Her creation of The Empire Files was inspirational and established her as a leading voice in independent journalism, combining investigative depth with a refusal to sanitise the consequences of imperial power.[25]
Beyond journalism, Martin is also an accomplished visual artist, bringing the same critical and creative sensibility to her artwork as she does to her reporting.[26]
Martin has also become one of the most outspoken critics of Western media coverage of the Israel Palestine conflict.
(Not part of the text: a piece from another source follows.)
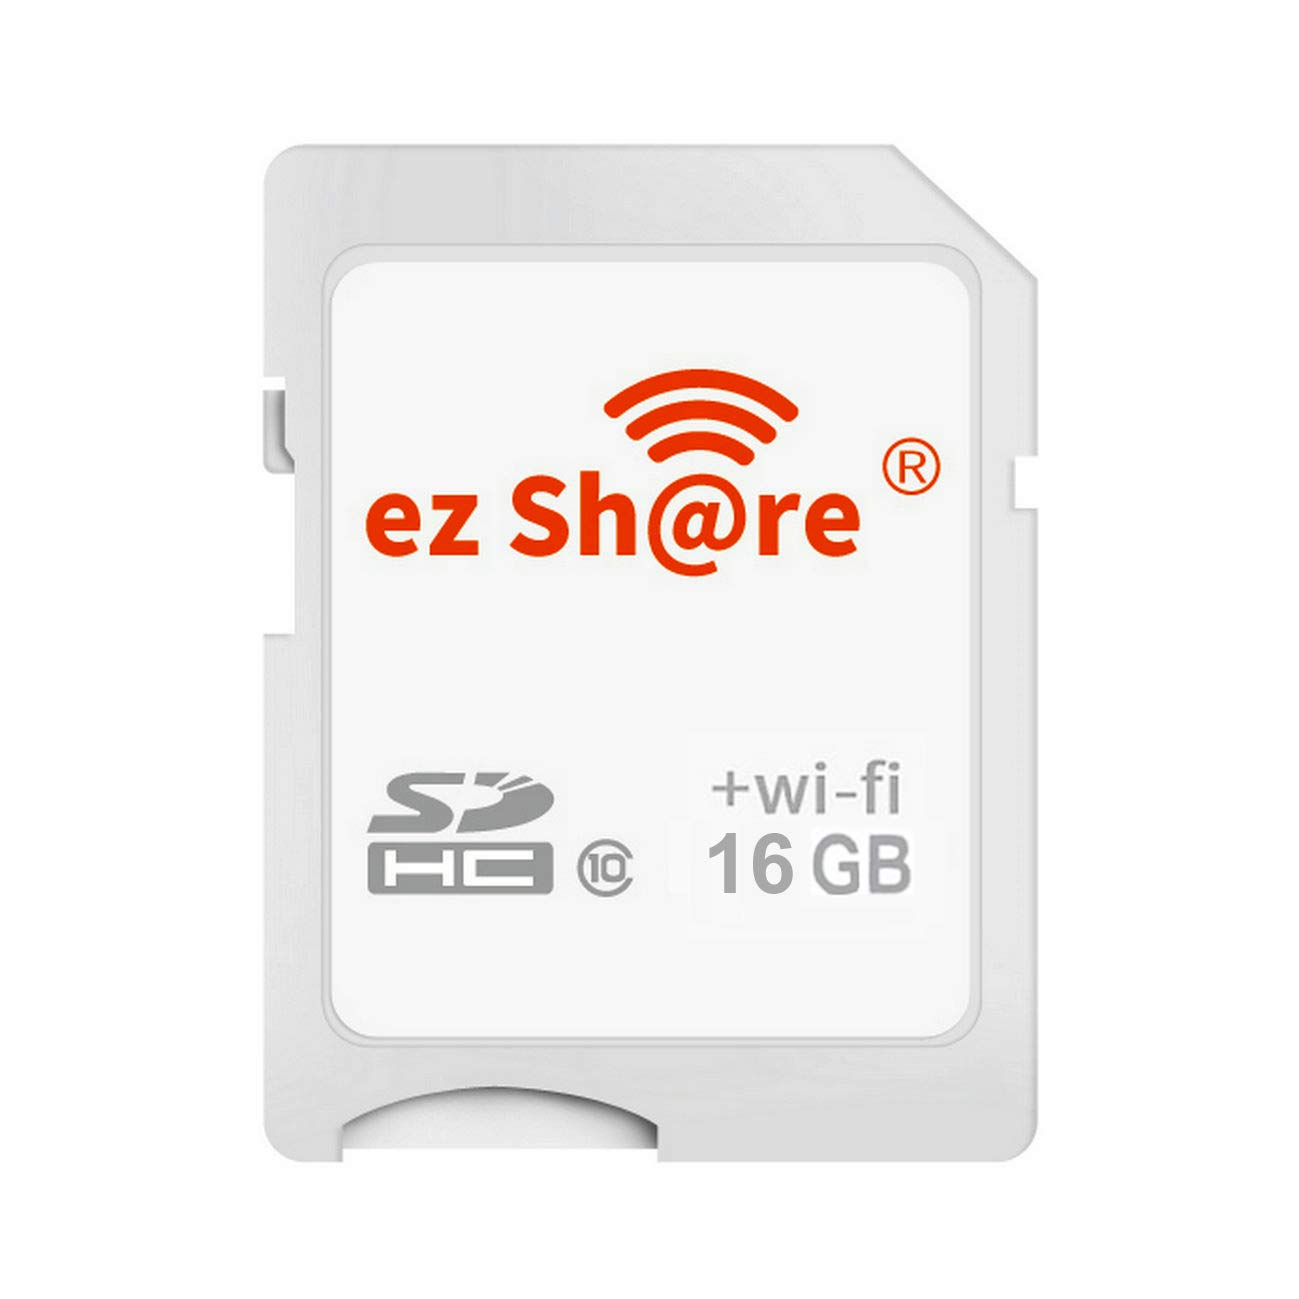 GuDoQi Wireless WiFi SD Tarjeta 16GB SHDC Clase 10 Tarjeta De Memoria Flash para Canon Nikon Casio Cámara Digital SLR (Versión Mejorada)

Her reporting rejects narratives that deny or minimise allegations of genocide in Gaza, arguing that media framing systematically obscures civilian suffering and international law violations.
In the course of her work, Martin has travelled to the Middle East to investigate conditions on the ground and has publicly documented being denied entry to Israel on the grounds that her journalism was deemed hostile or “antisemitic” — a charge she has consistently rejected as an attempt to conflate criticism of Israeli state policy with hatred of Jewish people.[27]
After giving birth to her second child in 2023, Martin quickly returned to her professional work and, in 2025, released the documentary Earth’s Greatest Enemy, co-directed with husband, Mike Prysner.[28]
Central to the film is Martin’s argument that the US military is the world’s largest institutional consumer of fossil fuels, yet its environmental impact is routinely excluded from mainstream climate discussions.
By documenting how militarism is treated as a blind spot in climate policy, the film challenges climate narratives that ignore the ecological cost of permanent war.[29]
Martin’s work in 2025 reinforces her reputation for sustained, principle-driven investigation over typical wire‑rewrite churnalism.
Her ability to investigate power across media formats — journalism, film, and visual art — and her refusal to soften her tone for institutional acceptance, makes her smokin’ hot, and secures her place at number six.